Action item:
Two lines in the data below mark the range: the one with "Εικόνα από Γυναικείες" and the one with "Прихожане в костеле". Return both, along with every line between them, exactly.

Entries provided:
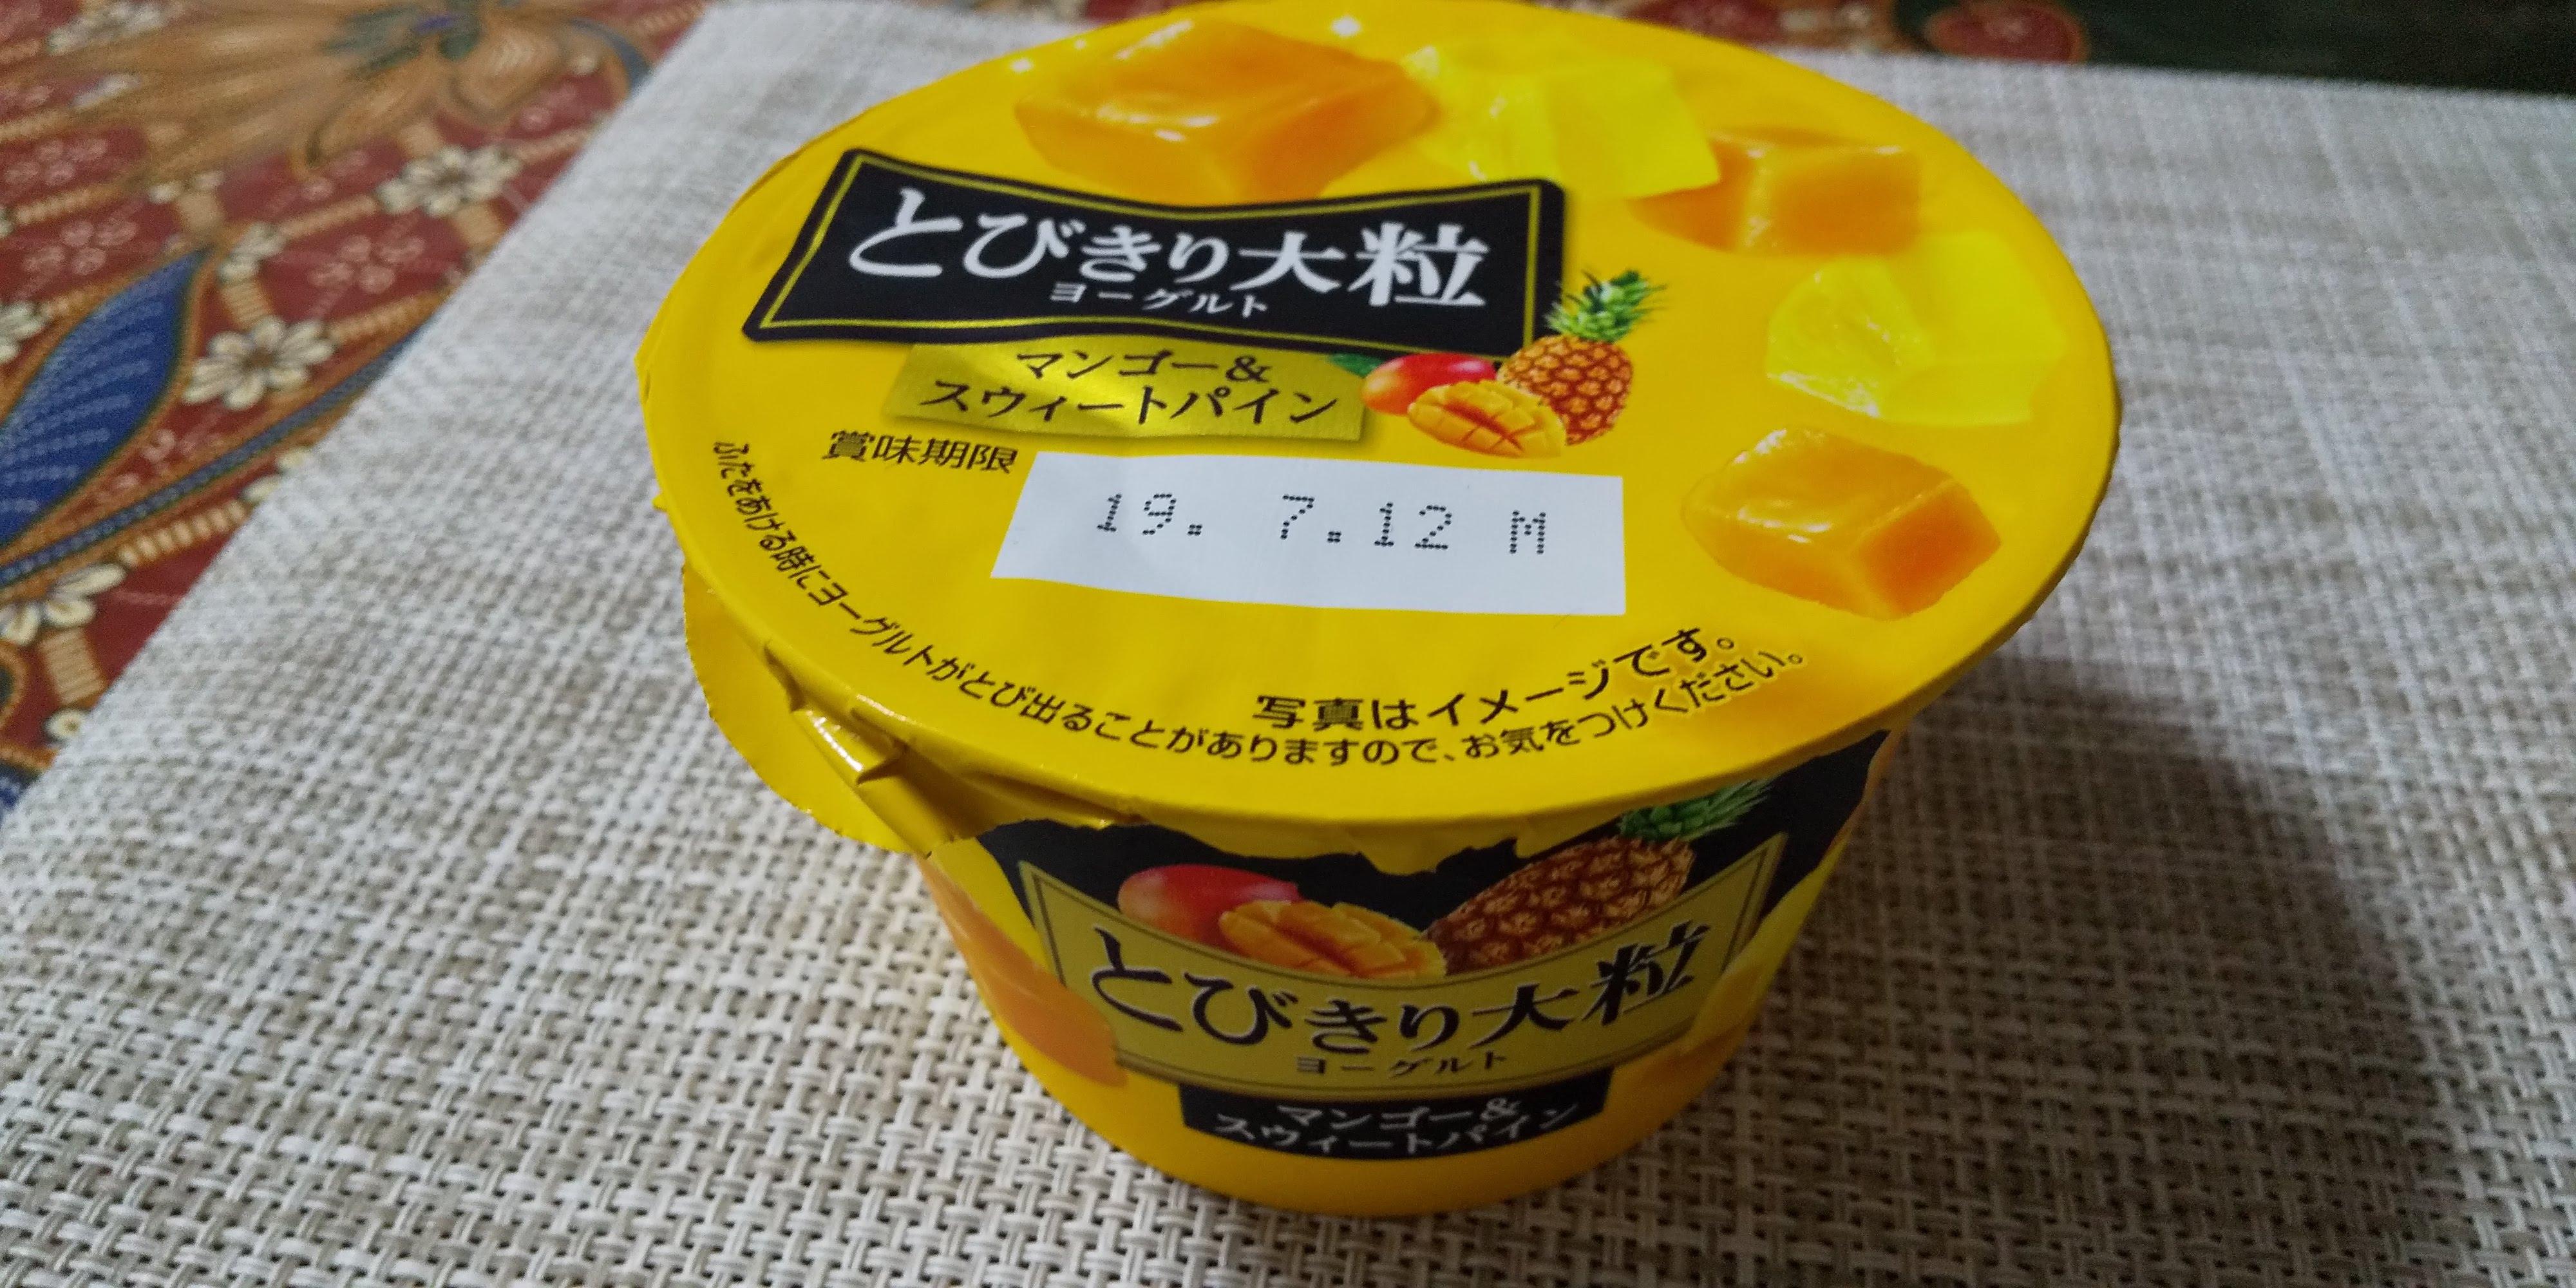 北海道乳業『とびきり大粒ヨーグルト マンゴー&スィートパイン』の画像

* * *

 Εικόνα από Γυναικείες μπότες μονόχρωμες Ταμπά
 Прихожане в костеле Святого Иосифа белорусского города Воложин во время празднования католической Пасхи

Output for this exercise:
 Εικόνα από Γυναικείες μπότες μονόχρωμες Ταμπά
 Прихожане в костеле Святого Иосифа белорусского города Воложин во время празднования католической Пасхи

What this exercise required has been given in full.